If the other three options look intimidating, that’s because they are. Learning to use 3D modeling software takes a lot of time and practice. For the complete novice, I recommend checking out TinkerCAD. This is a free software program that is geared towards children and people new to 3D printing. Start with basic blocks, then build up enough skills to create ever-more complex models. The main weakness with TinkerCAD is that it is not designed for precision work. Getting a perfect scale replica is difficult with this program, not to mention doing complex things like creating compound curved surfaces. To me, TinkerCAD seems like the program most people will outgrow, but it remains a good introduction.

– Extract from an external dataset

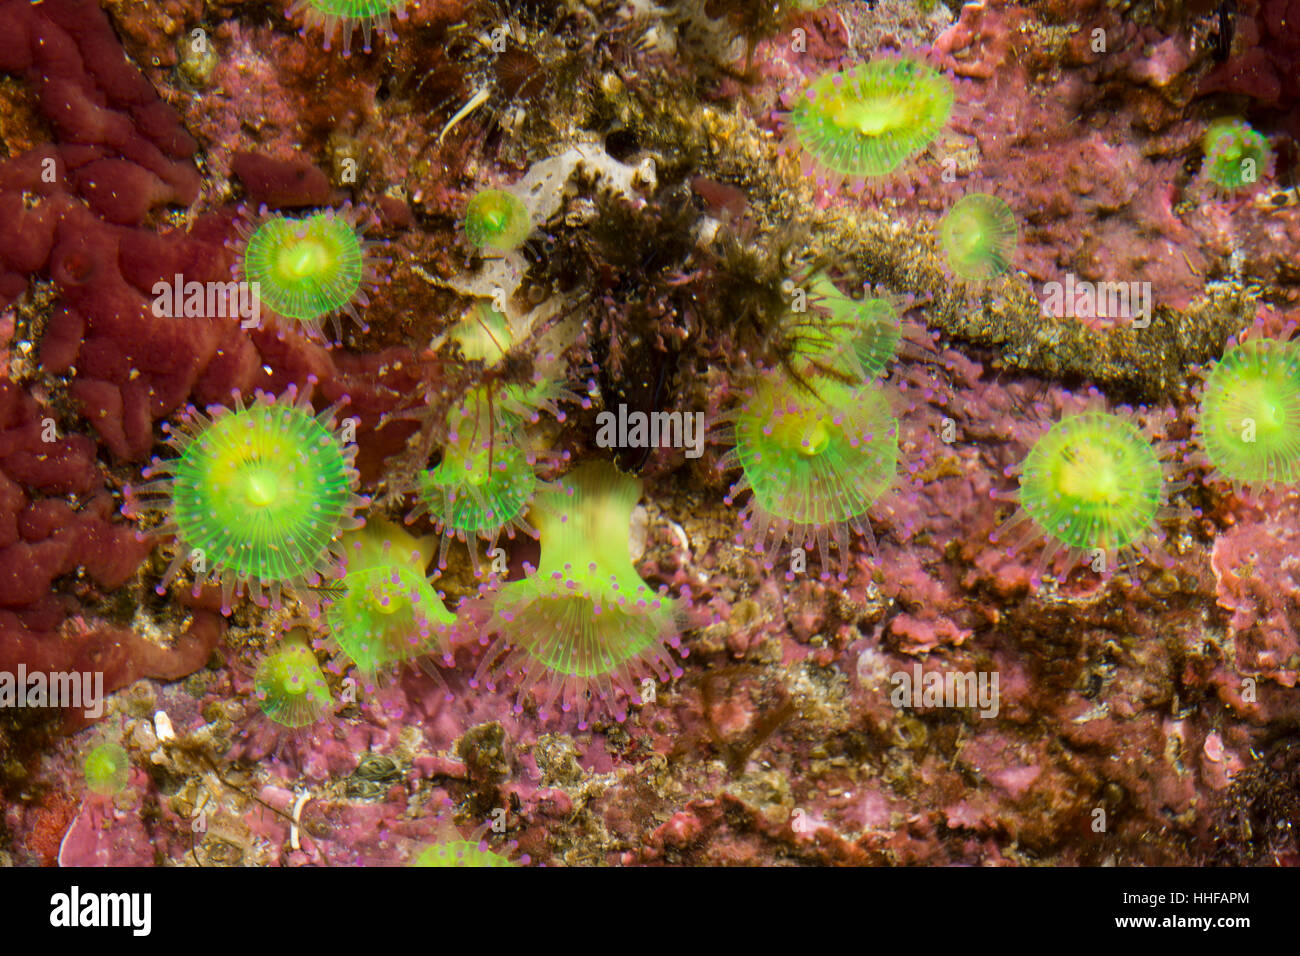 Juwelenanemone, Juwelen-Anemone, Korallenanemone, Korallen-Anemone, Corynactis viridis, jewel anemone, L'Anémone - Stock Image

Learning software in a series
To learn how to use CAD software without attending classes at the local community college, I recommend thinking of the different types of software as a series of more complex levels of learning. Start with something basic like TinkerCAD and learn to build basic shapes and use the tools in the menu. TinkerCAD objects can be printed as tests or for some basic objects that are useful on the workbench or layout. Once TinkerCAD is mastered, move on to Sketchup or a similar program. Most hobbyists will likely use this kind of program the most since it offers all the needed features for making mechanical or industrial objects (like a locomotive) without all the overwhelming extra features. From Sketchup, the next level to try is a higher end program like Fusion 360. This has everything a modeler could want, including many features that are only occasionally needed. The final level is to use something that is organic and artistic like Blender. Moving from a CAD program designed for life-less, dimensional objects to an organic, artistic software is difficult. It’s at this level that I find myself after one year of formal education in 3D modeling and several years of practice.
As a final word in this post, I would recommend getting a book or two for your chosen CAD software. Having a set of instructions for all the various processes is important and a good book on the subject should be in arm’s reach of the computer. Learning this type of software takes time so it’s important to keep this learning curve in perspective when struggling to do certain manipulations on an object.
The next post in this series will have to wait until my printer shows up, because it will be a set-up guide and test printing of downloadable products. Thank you for your time in following along with “Getting Started in 3D Printing”.